Liberals were forcing a wider wedge between church and state.
Conservatives reacted defending what they thought necessary.

Not just in the US. This is a 'western civilization'-wide event.

Paradoctor said...

Brin, Differ:

If nuclear peace prevails long after the Hiroshima generation dies of old age, and its lessons are absorbed into world custom deep enough to stop even the corrupt and the fanatical, then perhaps we can sanctify the Bomb. Until then, both it and us are in question.

In an earlier thread, I proposed the Backfire Effect, which I here repeat. Namely, that nuclear bombs operate by quantum mechanics, and quantum physics is 1) unpredictable, 2) nonlocal, and 3) observer-centric. But warfare between two nuclear-armed nations would quickly destroy human civilization, and thus never be observed by civilization. Hence, from civilization's POV, nuclear war is unphysical, and so is any system that would lead to it. Therefore the Backfire Effect: any system whose normal functioning would lead to nuclear warfare will be observed, by civilization, in a malfunctioning condition. Nukes are so destructive that they destroy retroactively, and unpredictably, to prevent their use.

Therefore the greatest danger that nuclear bombs pose is to their owners. Backfire wrecks weapons, delivery systems, communication systems, bodies, brains, and minds. I strongly recommend that you never even think in favor of bilateral nuclear warfare. Such thoughts are bad for your head. Best-case scenario, you observe yourself on a world-line where your thoughts are ignored. Or, you find yourself on a worldline where your brain cannot make thoughts. For instance, Reagan.

Take Hillary Clinton. Please. I think that the 2016 election stank of Backfire. So much weird stuff happened, and nobody expected that outcome, least of all Trump. So I suspect that the President Hillary worldline wound up radioactive. Instead, lucky us, we're on this worldline. It's not the best of all possible worlds, but it's the best of all sufficiently similar possible worlds.

One need not evoke full quantum woo-woo for the Backfire Effect: it also has a classical explanation, namely that human beings have foresight, a survival instinct, and the capacity for incompetence, corruption, and sabotage. Therefore global suicide missions tend to meet with mysterious setbacks.

I hope.

Der Oger said...

Anyone who stares past all that to claim Russia is no longer 'communist' is both a fool and a hypocrite.

I have two objections to this line of thinking.

First, it shows that different axes of political systems are mixed up here. Communism vs. Capitalism is not the same as Authoritarianism vs. Anarchy. Russia has become capitalist, but retained the authoritarianism. Germany is more communist than China in some aspects (universal mandatory healthcare, for example). Equating leftism with state suppression as propaganda is what brought us an ever-steepening social pyramid.
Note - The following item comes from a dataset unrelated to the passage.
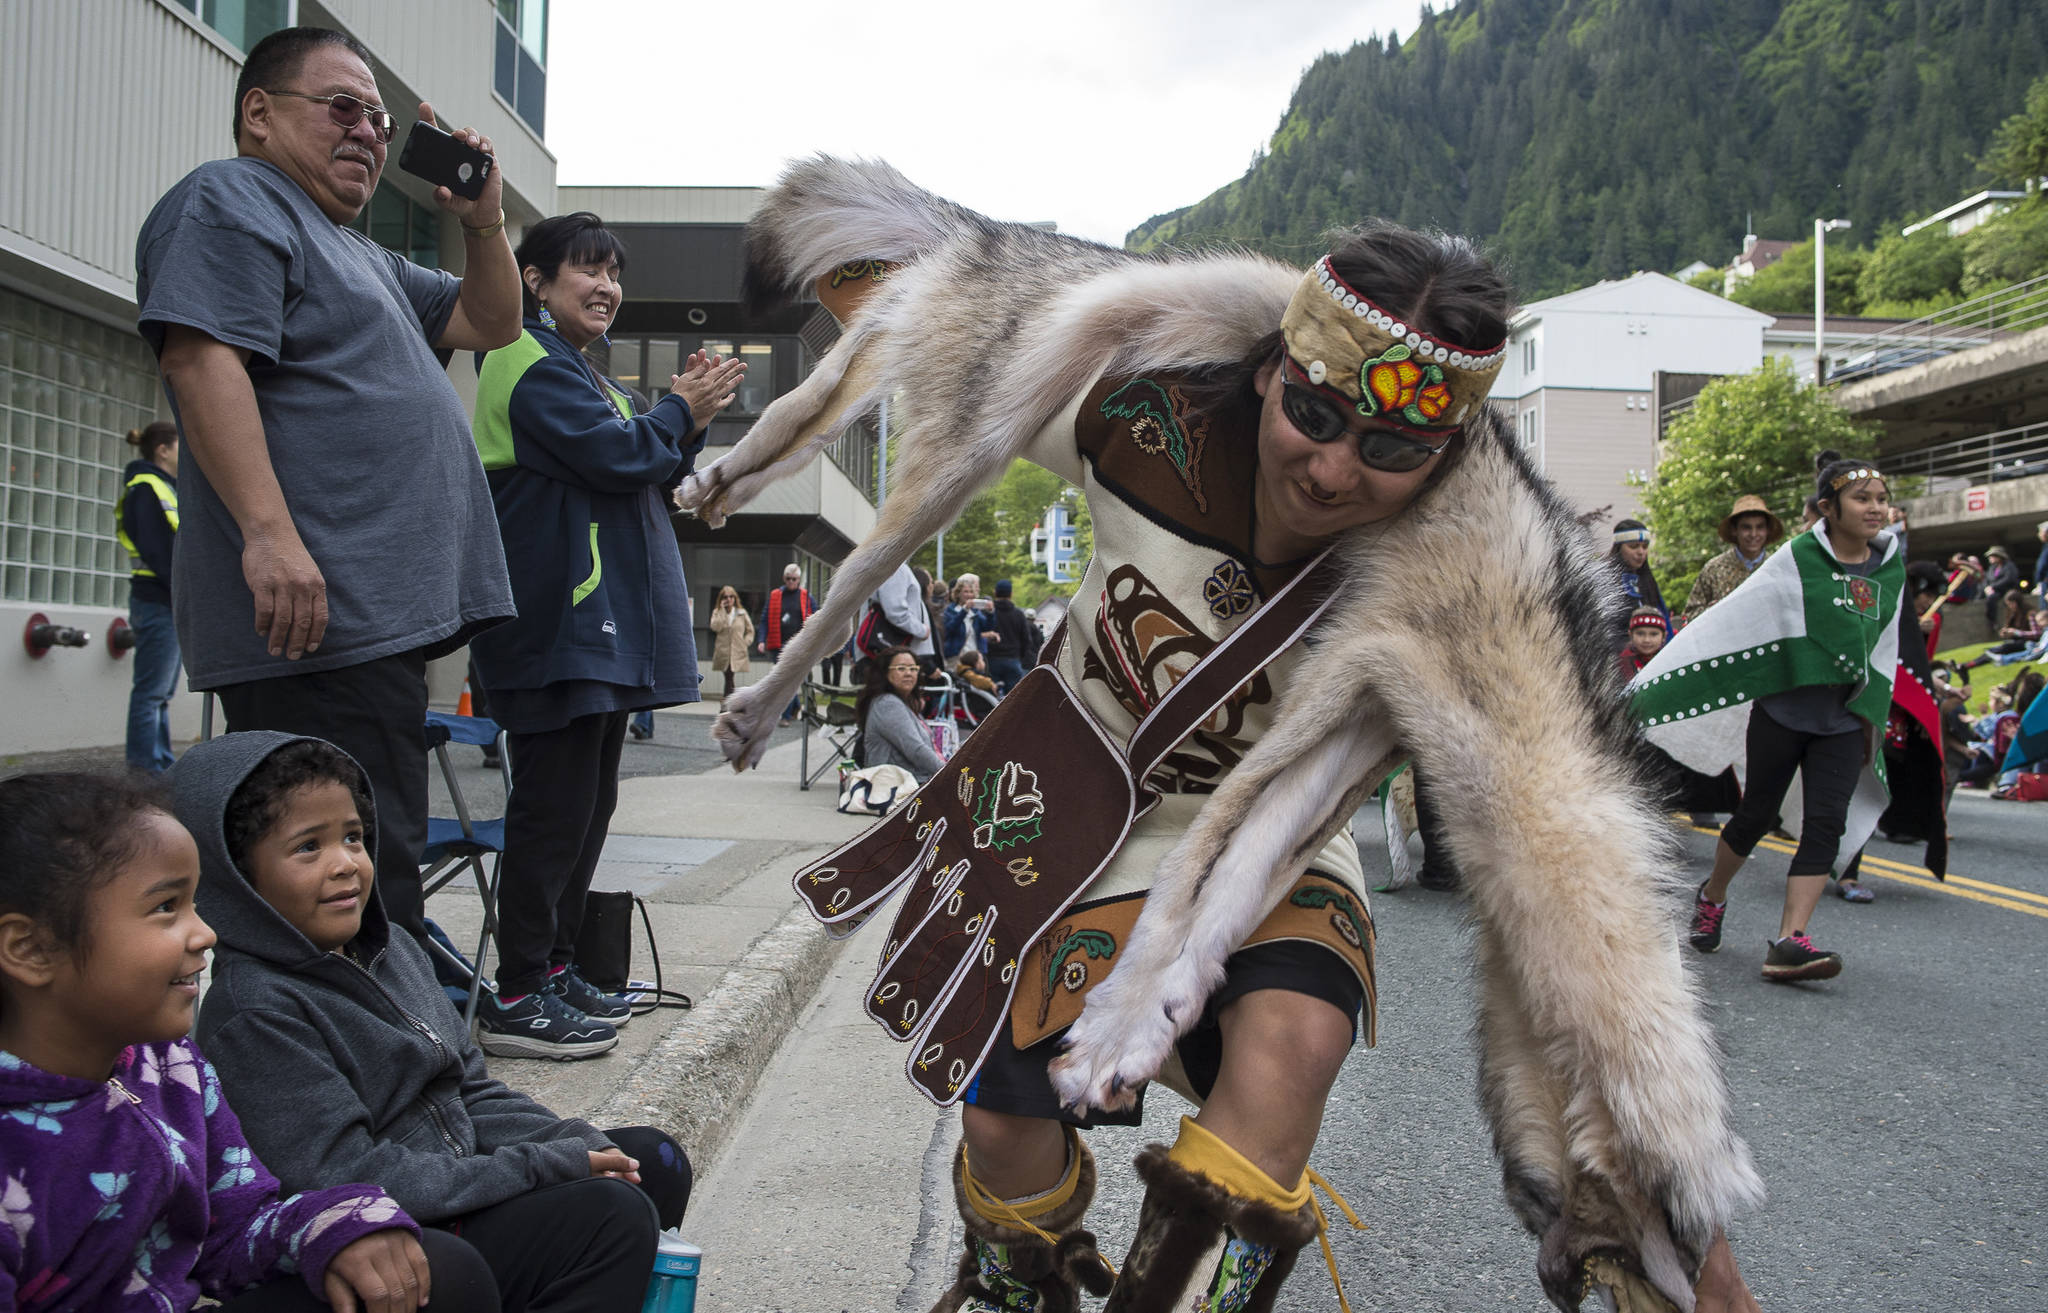 Morgan Fawcett of Woosh.ji.een of Juneau dances in the Grand Entrance for Celebration 2018 along Willoughby Avenue on Wednesday, June 6, 2018. (Michael Penn | Juneau Empire)

Second, the situation is more dangerous now. After Stalin, the true power was more or less divided between the members of the politbureau and the party, military and KGB. They might have been opportunistic bastards, yes, but nowadays, all power is in the hand of one person only.

Don Gisselbeck said...

77 years is the longest time the human race has ever gone between the second and third wartime use of a new technology for killing people.

Larry Hart said...

@Alfred Differ,

This may interest you. One of the technos on Stephanie Miller's radio show is prepping for a colectomy, and they've made the "semi-colon" joke several times.

Don Gisselbeck said...

I may have linked to this before. Here's Mark Twain blaming Sir Walter Scott's romanticism for the Civil War.
http://www.twainquotes.com/SirWalterScott.html

David Brin said...


Paradoctor’s Backfire Effect is cute. Good SF premise.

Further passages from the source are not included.